I watched a video by Laurie Wagner of Writing Wildly last night. She read from her writing of ‘when the virus came’ – what she was doing. Those 4 words stirred a mixed of emotions and memories within me. They were all blended and whipped into I know not what. I did have a sense that I’ve felt the virus long before it showed up as the coronavirus pandemic. What am I suppose to do with all that now?

It is Saturday morning. Usually it’s my swim morning but there’s no more usually. I can’t remember the last time I swam. It is April 18th. The temperature is finally above 0. It is the coolest and wettest April in a long while. The snow is still melting. Puddles everywhere. Behind our garage in the back alley, it is a lake. Everything is a mess. I hear the wind howling through the spruce trees.

When the virus came, I was in the midst of dealing with my mother’s shingles virus. I remembered it started on a Saturday morning, February 8th. She phoned. It is not a good sign when my mother phones in the morning. Could I take her to the mediclinic. Her head hurts so much. It was also the beginning of the coronavirus but not here yet.  No quarantine or social distancing. But we were asked if we had travelled to China recently or had visitors from China. We were such innocents then. We got a diagnosis. We got a prescription.

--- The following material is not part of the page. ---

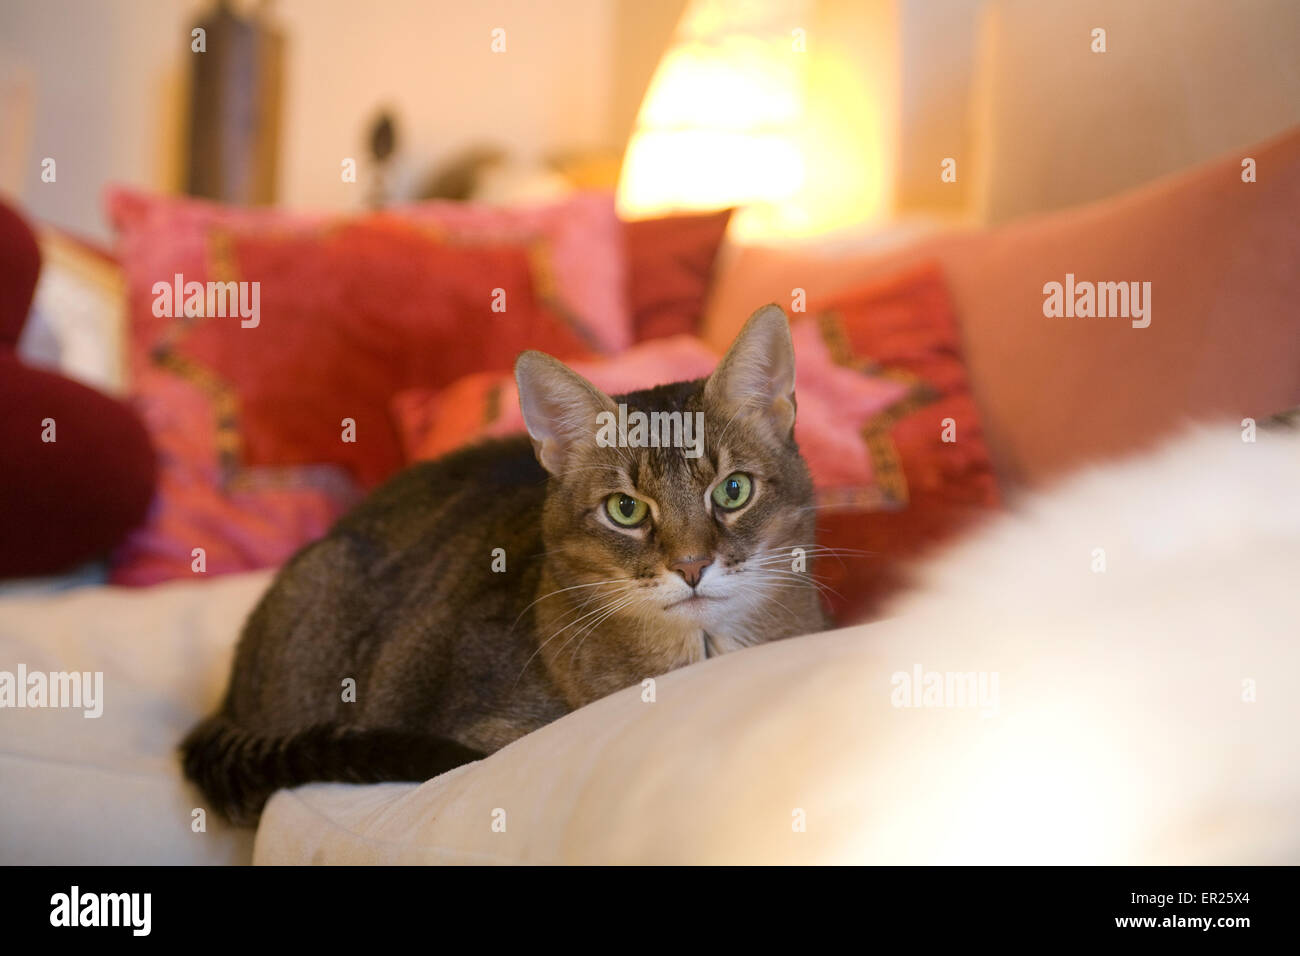 Europe, Germany, cat on a couch.   Europa, Deutschland, Katze auf einem Sofa. Stock Photo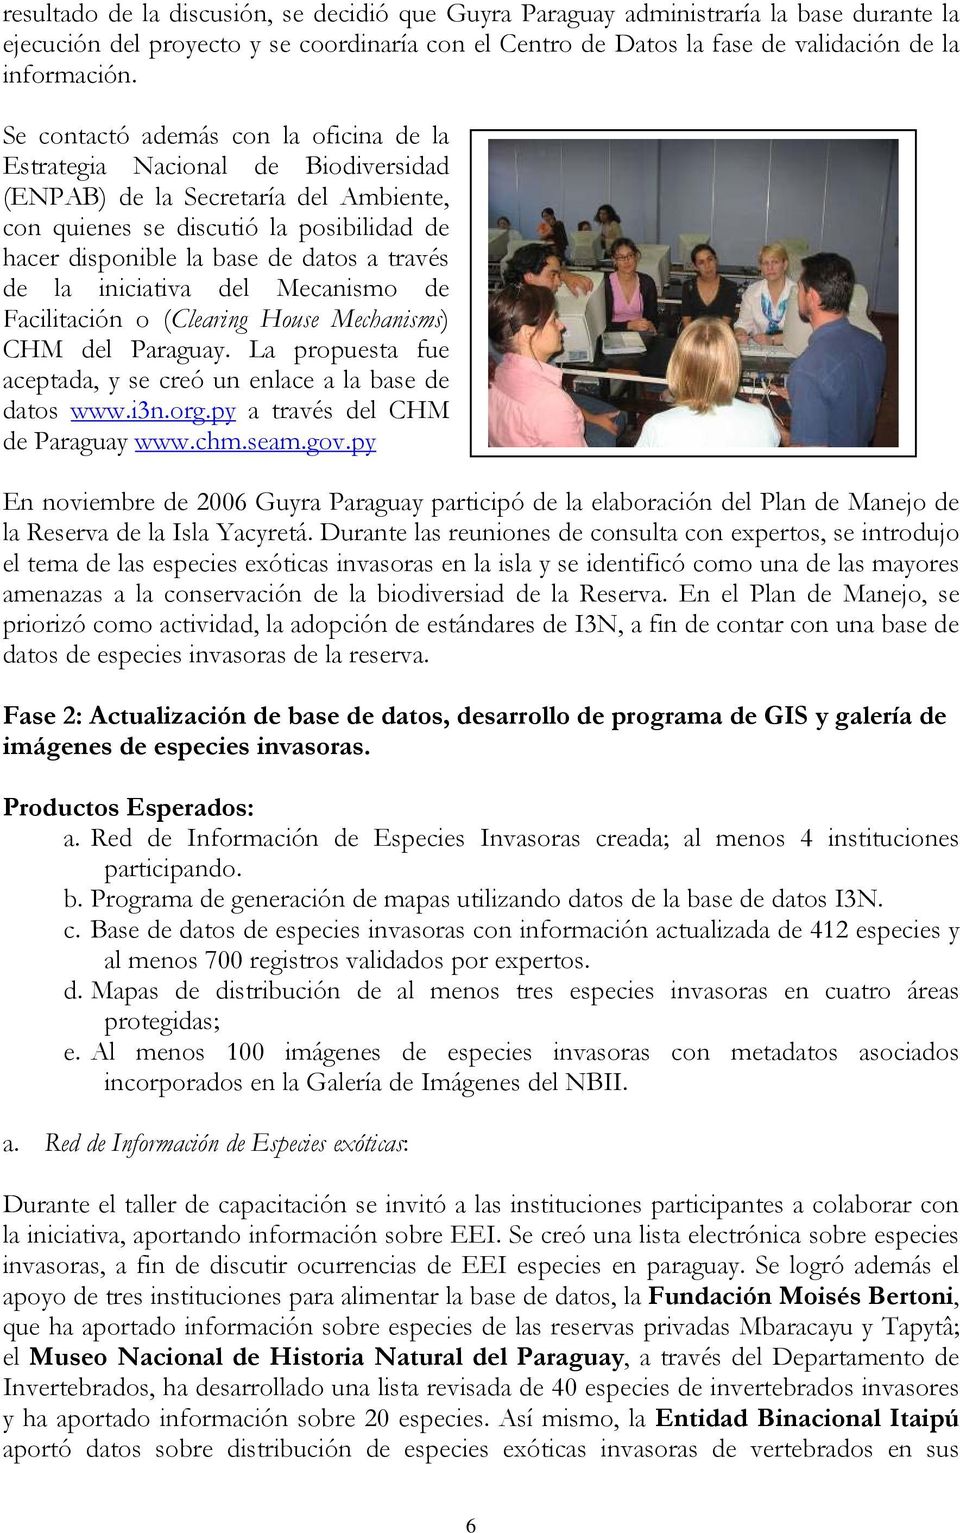 través de la iniciativa del Mecanismo de Facilitación o (Clearing House Mechanisms) CHM del Paraguay. La propuesta fue aceptada, y se creó un enlace a la base de datos www.i3n.org.

Things did not progress smoothly. The province declared a state of emergency. Everything shut down. My father became a blob in my mother’s left eye. A telephone doctor’s appointment followed by an office visit, followed by a visit to the eye center at the hospital. Stress and anxiety became a new way of living. Necessity moved me, step by step. It was like the domino effect. We did pull through, suffering the pain and side effects of everything, breathing through our N95 masks. My father’s face had features and trees had branches again in my mother’s eye.

I’m grateful that necesssity has passed. The stress and anxiety have lessened. We have flattened the curve. I am also somewhat flat, unable to rally my oomph. The clutters sits and the dust gathers. My body gives half hearted attempts at moving. If not for Sheba, I would not go for walks. Dang everything! Gravity is heavy. Uncertainty is weighty. Anxiety still lives. My body remembers, shivers with it. I will make myself another cup of tea.